"This agreement represents a true partnership between the Federal government and the State of Alabama," said Johnnie Burton, Director of the Department of the Interior's Minerals Management Service (MMS). "It provides the state with a more active role in managing its gas resources while continuing to protect state and public interests."
As part of the agreement, up to 1,460,000 MMBtu (million British Thermal Units) of gas (or approximately 4,000 MMBtu per day) from three Federal leases in the Alabama 8(g) zone will be sold in an unrestricted sale scheduled in October. This represents the first time that Alabama 8(g) gas has been offered in a Royalty in Kind sale.

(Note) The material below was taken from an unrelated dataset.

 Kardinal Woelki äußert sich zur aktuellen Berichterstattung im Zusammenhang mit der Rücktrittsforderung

The gas sold in the unrestricted sale involves an aggregation of gas royalties taken "in kind," in the form of product, rather than in value or cash payments, from offshore Federal leases in the Gulf of Mexico. The gas is then sold competitively in the open marketplace. The Royalty in Kind program has been shown to improve government efficiencies, reduce regulatory costs and reporting requirements, shorten the compliance cycle, and ensure a fair return on the public's royalty assets. The program has also successfully reduced administrative costs and provided significant revenue uplifts in previous sales.

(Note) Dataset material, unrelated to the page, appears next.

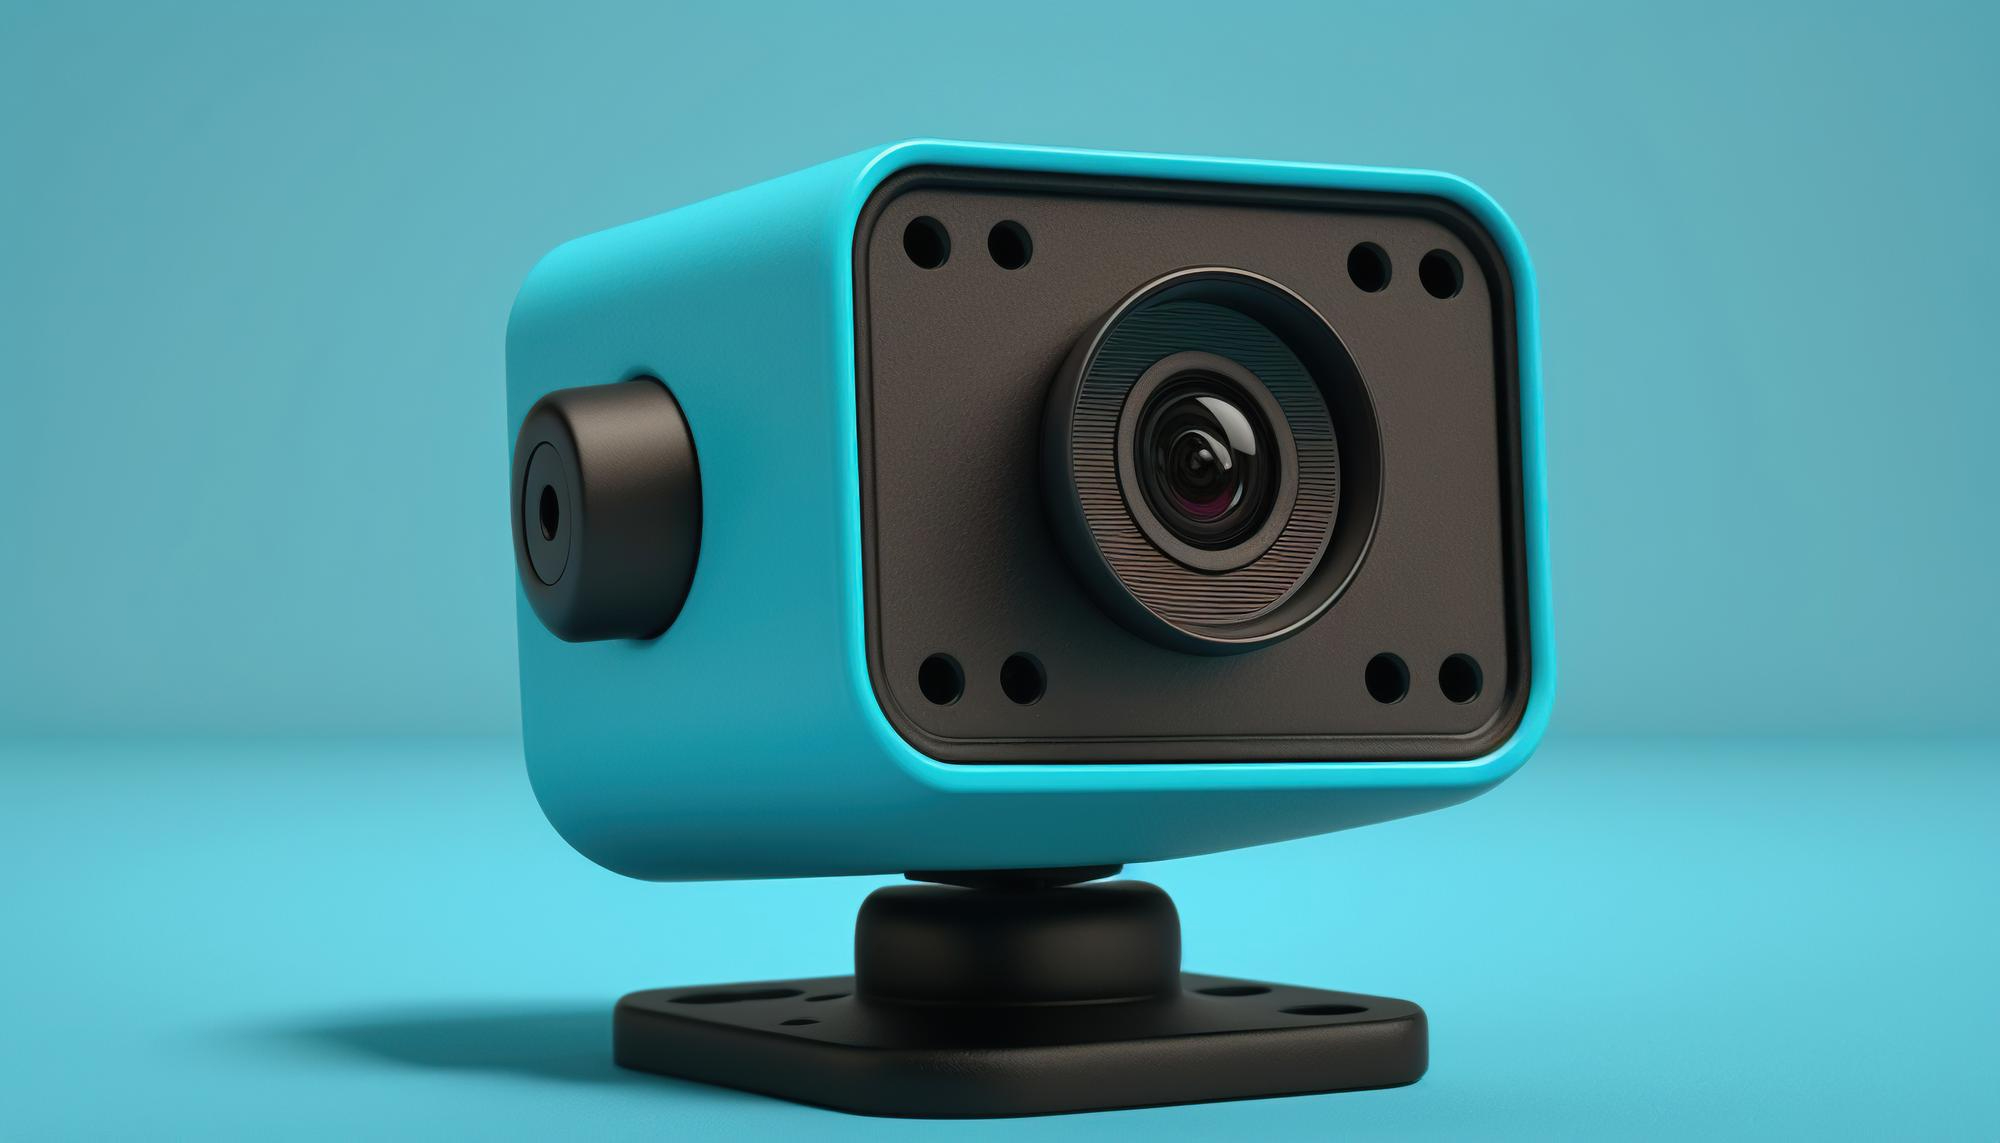 Test kamery internetowej – jak sprawdzić, czy kamerka działa?

The gas from the Alabama 8(g) leases will be combined with up to 124,100,000 MMBtu of RIK gas (or approximately 340,000 MMBtu per day) from other Gulf of Mexico leases that will be offered for sale in early October. "Invitation for offers" for the sale, which also includes gas from the State of Louisiana's 8(g) zone, were published Sept. 27 with sale results expected to be announced the week of October 16. States are entitled to 27 percent of the royalties earned from production that occurs in the Federal 8(g) zone, a 3-mile-wide zone that lies adjacent to the state's seaward boundary.

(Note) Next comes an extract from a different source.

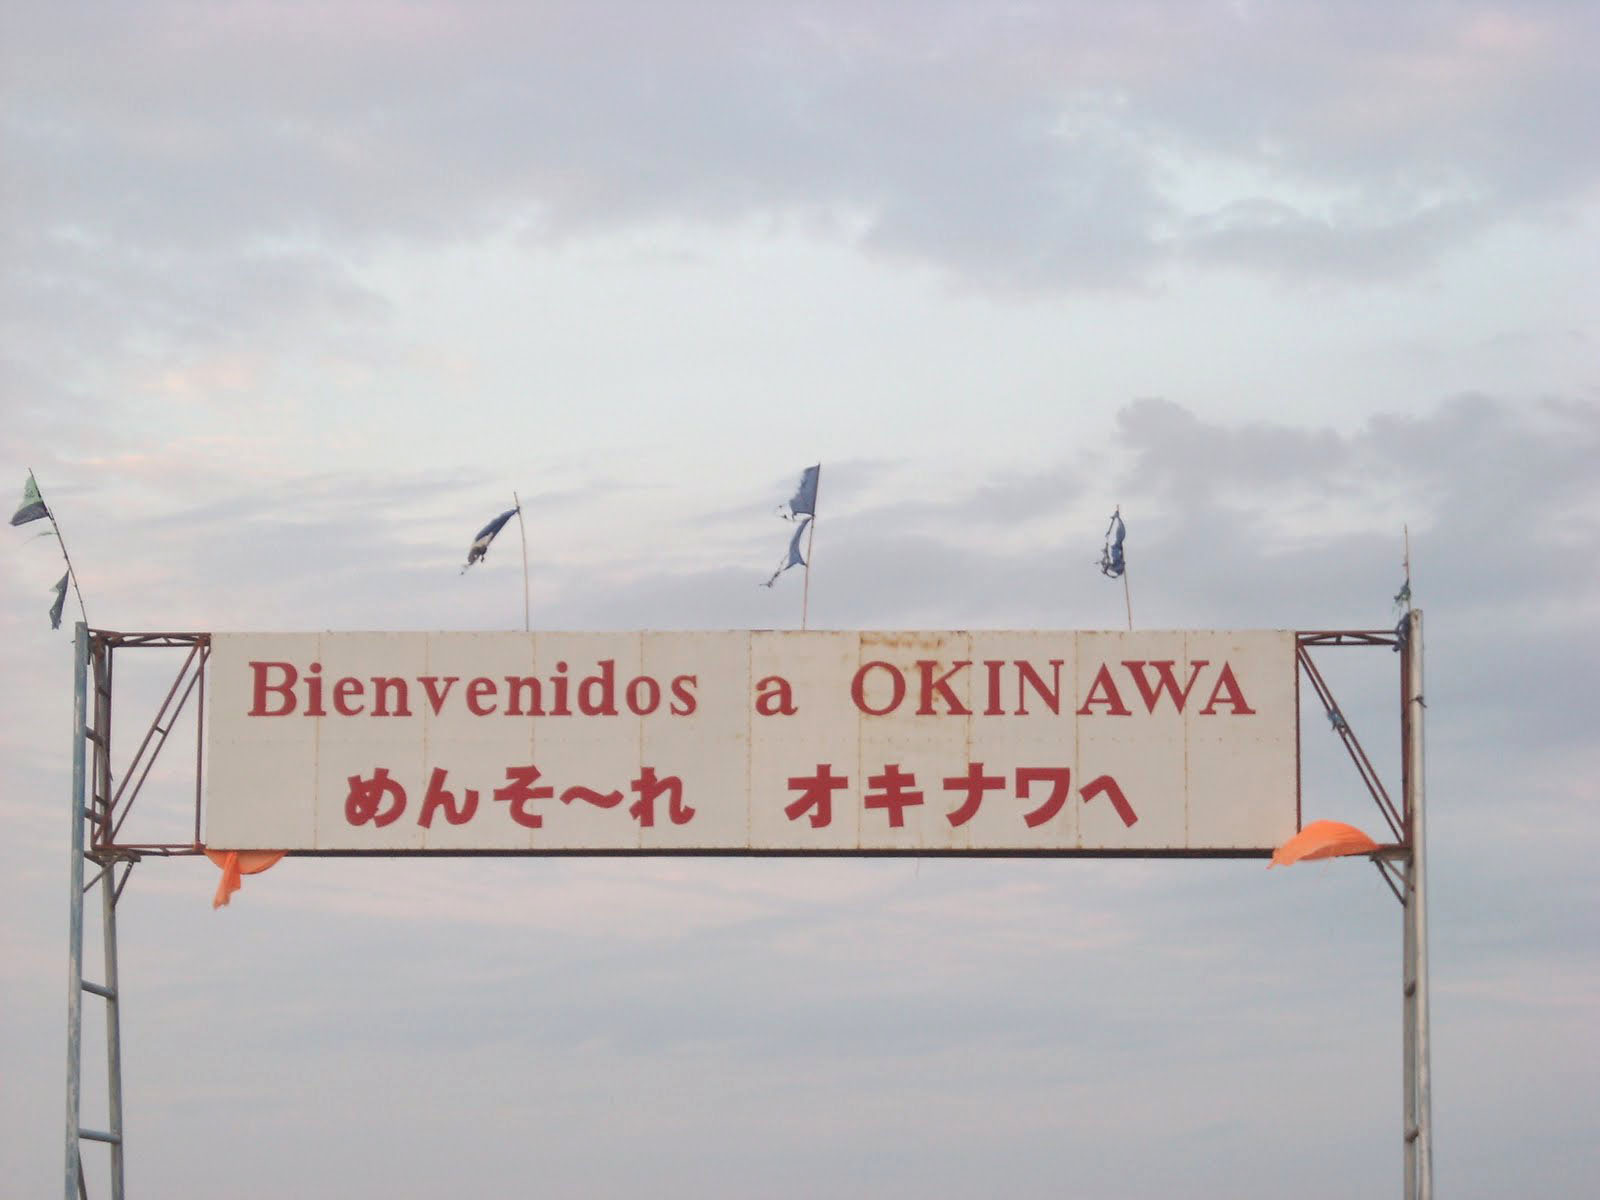 オキナワ移住地 Wikipedia

"The RIK program continues to offer positive and measurable returns to the Federal Government and the American people on their royalty assets," Burton said. "RIK sales generated increased receipts of $18 million and $32 million in Fiscal Years 2004 and 2005, respectively, over what would have been received if MMS had taken its royalties in value, or as cash payments." The program also resulted in a reduction of administrative costs of nearly 50 percent when compared to royalty in value, translating to a cost avoidance of $3.74 million in Fiscal Year 2005.